╔══

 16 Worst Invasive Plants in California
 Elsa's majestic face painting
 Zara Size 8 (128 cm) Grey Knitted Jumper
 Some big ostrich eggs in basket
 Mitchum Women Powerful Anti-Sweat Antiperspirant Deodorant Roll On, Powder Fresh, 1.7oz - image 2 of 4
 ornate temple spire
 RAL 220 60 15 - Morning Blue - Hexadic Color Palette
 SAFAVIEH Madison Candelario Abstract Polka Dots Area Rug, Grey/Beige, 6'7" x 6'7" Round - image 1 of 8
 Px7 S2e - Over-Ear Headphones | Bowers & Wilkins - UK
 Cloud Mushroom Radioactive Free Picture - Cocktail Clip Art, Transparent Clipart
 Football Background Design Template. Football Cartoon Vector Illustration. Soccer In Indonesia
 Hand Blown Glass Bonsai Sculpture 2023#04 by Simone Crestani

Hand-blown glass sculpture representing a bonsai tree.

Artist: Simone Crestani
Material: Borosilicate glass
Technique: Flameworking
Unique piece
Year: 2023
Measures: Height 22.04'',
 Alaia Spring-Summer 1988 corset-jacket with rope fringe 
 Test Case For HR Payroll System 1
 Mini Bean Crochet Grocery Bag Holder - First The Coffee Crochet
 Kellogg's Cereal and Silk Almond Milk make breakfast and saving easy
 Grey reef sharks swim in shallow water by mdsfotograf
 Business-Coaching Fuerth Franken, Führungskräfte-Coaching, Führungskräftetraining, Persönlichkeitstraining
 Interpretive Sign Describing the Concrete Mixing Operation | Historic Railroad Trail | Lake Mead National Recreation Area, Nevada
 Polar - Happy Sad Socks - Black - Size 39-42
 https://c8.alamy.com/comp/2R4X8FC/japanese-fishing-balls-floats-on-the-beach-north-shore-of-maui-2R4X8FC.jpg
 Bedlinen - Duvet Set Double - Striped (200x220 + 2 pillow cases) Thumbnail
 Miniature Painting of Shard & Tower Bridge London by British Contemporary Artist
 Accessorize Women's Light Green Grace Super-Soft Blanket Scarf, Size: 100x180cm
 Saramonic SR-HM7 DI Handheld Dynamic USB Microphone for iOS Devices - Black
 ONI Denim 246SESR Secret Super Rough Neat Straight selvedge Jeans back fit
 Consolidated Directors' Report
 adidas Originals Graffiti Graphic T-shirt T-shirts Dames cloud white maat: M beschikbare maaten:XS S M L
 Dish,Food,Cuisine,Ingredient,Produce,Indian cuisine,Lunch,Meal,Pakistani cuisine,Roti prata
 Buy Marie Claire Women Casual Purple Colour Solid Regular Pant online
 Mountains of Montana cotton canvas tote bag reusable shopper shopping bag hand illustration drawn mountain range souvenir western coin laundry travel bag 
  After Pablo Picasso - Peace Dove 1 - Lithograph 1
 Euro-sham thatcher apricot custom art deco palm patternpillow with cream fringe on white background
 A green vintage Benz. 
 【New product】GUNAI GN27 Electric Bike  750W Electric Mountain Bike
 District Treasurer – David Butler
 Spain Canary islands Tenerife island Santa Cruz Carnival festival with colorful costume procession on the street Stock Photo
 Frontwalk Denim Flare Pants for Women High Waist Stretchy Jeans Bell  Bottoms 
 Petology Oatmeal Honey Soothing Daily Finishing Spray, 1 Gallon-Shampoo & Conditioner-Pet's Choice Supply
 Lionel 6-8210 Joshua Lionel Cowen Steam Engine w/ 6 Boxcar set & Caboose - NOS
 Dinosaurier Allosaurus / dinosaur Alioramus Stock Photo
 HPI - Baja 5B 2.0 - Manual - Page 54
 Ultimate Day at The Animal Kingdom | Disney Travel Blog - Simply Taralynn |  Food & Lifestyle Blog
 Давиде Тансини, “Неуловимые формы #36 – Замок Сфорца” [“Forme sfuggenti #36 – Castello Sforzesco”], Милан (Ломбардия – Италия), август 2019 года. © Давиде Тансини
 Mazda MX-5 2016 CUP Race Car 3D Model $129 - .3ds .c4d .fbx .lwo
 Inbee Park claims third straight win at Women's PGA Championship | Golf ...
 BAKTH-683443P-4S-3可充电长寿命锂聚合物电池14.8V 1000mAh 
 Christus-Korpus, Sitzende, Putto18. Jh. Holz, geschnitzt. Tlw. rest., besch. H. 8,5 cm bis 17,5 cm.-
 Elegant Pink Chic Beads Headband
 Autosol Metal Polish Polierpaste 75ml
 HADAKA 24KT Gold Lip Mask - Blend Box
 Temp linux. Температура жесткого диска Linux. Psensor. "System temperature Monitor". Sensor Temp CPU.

╚══

ACTIVITY: Retype the material above in full, exactly.

RESPONSE TO THIS EXERCISE:
 16 Worst Invasive Plants in California
 Elsa's majestic face painting
 Zara Size 8 (128 cm) Grey Knitted Jumper
 Some big ostrich eggs in basket
 Mitchum Women Powerful Anti-Sweat Antiperspirant Deodorant Roll On, Powder Fresh, 1.7oz - image 2 of 4
 ornate temple spire
 RAL 220 60 15 - Morning Blue - Hexadic Color Palette
 SAFAVIEH Madison Candelario Abstract Polka Dots Area Rug, Grey/Beige, 6'7" x 6'7" Round - image 1 of 8
 Px7 S2e - Over-Ear Headphones | Bowers & Wilkins - UK
 Cloud Mushroom Radioactive Free Picture - Cocktail Clip Art, Transparent Clipart
 Football Background Design Template. Football Cartoon Vector Illustration. Soccer In Indonesia
 Hand Blown Glass Bonsai Sculpture 2023#04 by Simone Crestani

Hand-blown glass sculpture representing a bonsai tree.

Artist: Simone Crestani
Material: Borosilicate glass
Technique: Flameworking
Unique piece
Year: 2023
Measures: Height 22.04'',
 Alaia Spring-Summer 1988 corset-jacket with rope fringe 
 Test Case For HR Payroll System 1
 Mini Bean Crochet Grocery Bag Holder - First The Coffee Crochet
 Kellogg's Cereal and Silk Almond Milk make breakfast and saving easy
 Grey reef sharks swim in shallow water by mdsfotograf
 Business-Coaching Fuerth Franken, Führungskräfte-Coaching, Führungskräftetraining, Persönlichkeitstraining
 Interpretive Sign Describing the Concrete Mixing Operation | Historic Railroad Trail | Lake Mead National Recreation Area, Nevada
 Polar - Happy Sad Socks - Black - Size 39-42
 https://c8.alamy.com/comp/2R4X8FC/japanese-fishing-balls-floats-on-the-beach-north-shore-of-maui-2R4X8FC.jpg
 Bedlinen - Duvet Set Double - Striped (200x220 + 2 pillow cases) Thumbnail
 Miniature Painting of Shard & Tower Bridge London by British Contemporary Artist
 Accessorize Women's Light Green Grace Super-Soft Blanket Scarf, Size: 100x180cm
 Saramonic SR-HM7 DI Handheld Dynamic USB Microphone for iOS Devices - Black
 ONI Denim 246SESR Secret Super Rough Neat Straight selvedge Jeans back fit
 Consolidated Directors' Report
 adidas Originals Graffiti Graphic T-shirt T-shirts Dames cloud white maat: M beschikbare maaten:XS S M L
 Dish,Food,Cuisine,Ingredient,Produce,Indian cuisine,Lunch,Meal,Pakistani cuisine,Roti prata
 Buy Marie Claire Women Casual Purple Colour Solid Regular Pant online
 Mountains of Montana cotton canvas tote bag reusable shopper shopping bag hand illustration drawn mountain range souvenir western coin laundry travel bag 
  After Pablo Picasso - Peace Dove 1 - Lithograph 1
 Euro-sham thatcher apricot custom art deco palm patternpillow with cream fringe on white background
 A green vintage Benz. 
 【New product】GUNAI GN27 Electric Bike  750W Electric Mountain Bike
 District Treasurer – David Butler
 Spain Canary islands Tenerife island Santa Cruz Carnival festival with colorful costume procession on the street Stock Photo
 Frontwalk Denim Flare Pants for Women High Waist Stretchy Jeans Bell  Bottoms 
 Petology Oatmeal Honey Soothing Daily Finishing Spray, 1 Gallon-Shampoo & Conditioner-Pet's Choice Supply
 Lionel 6-8210 Joshua Lionel Cowen Steam Engine w/ 6 Boxcar set & Caboose - NOS
 Dinosaurier Allosaurus / dinosaur Alioramus Stock Photo
 HPI - Baja 5B 2.0 - Manual - Page 54
 Ultimate Day at The Animal Kingdom | Disney Travel Blog - Simply Taralynn |  Food & Lifestyle Blog
 Давиде Тансини, “Неуловимые формы #36 – Замок Сфорца” [“Forme sfuggenti #36 – Castello Sforzesco”], Милан (Ломбардия – Италия), август 2019 года. © Давиде Тансини
 Mazda MX-5 2016 CUP Race Car 3D Model $129 - .3ds .c4d .fbx .lwo
 Inbee Park claims third straight win at Women's PGA Championship | Golf ...
 BAKTH-683443P-4S-3可充电长寿命锂聚合物电池14.8V 1000mAh 
 Christus-Korpus, Sitzende, Putto18. Jh. Holz, geschnitzt. Tlw. rest., besch. H. 8,5 cm bis 17,5 cm.-
 Elegant Pink Chic Beads Headband
 Autosol Metal Polish Polierpaste 75ml
 HADAKA 24KT Gold Lip Mask - Blend Box
 Temp linux. Температура жесткого диска Linux. Psensor. "System temperature Monitor". Sensor Temp CPU.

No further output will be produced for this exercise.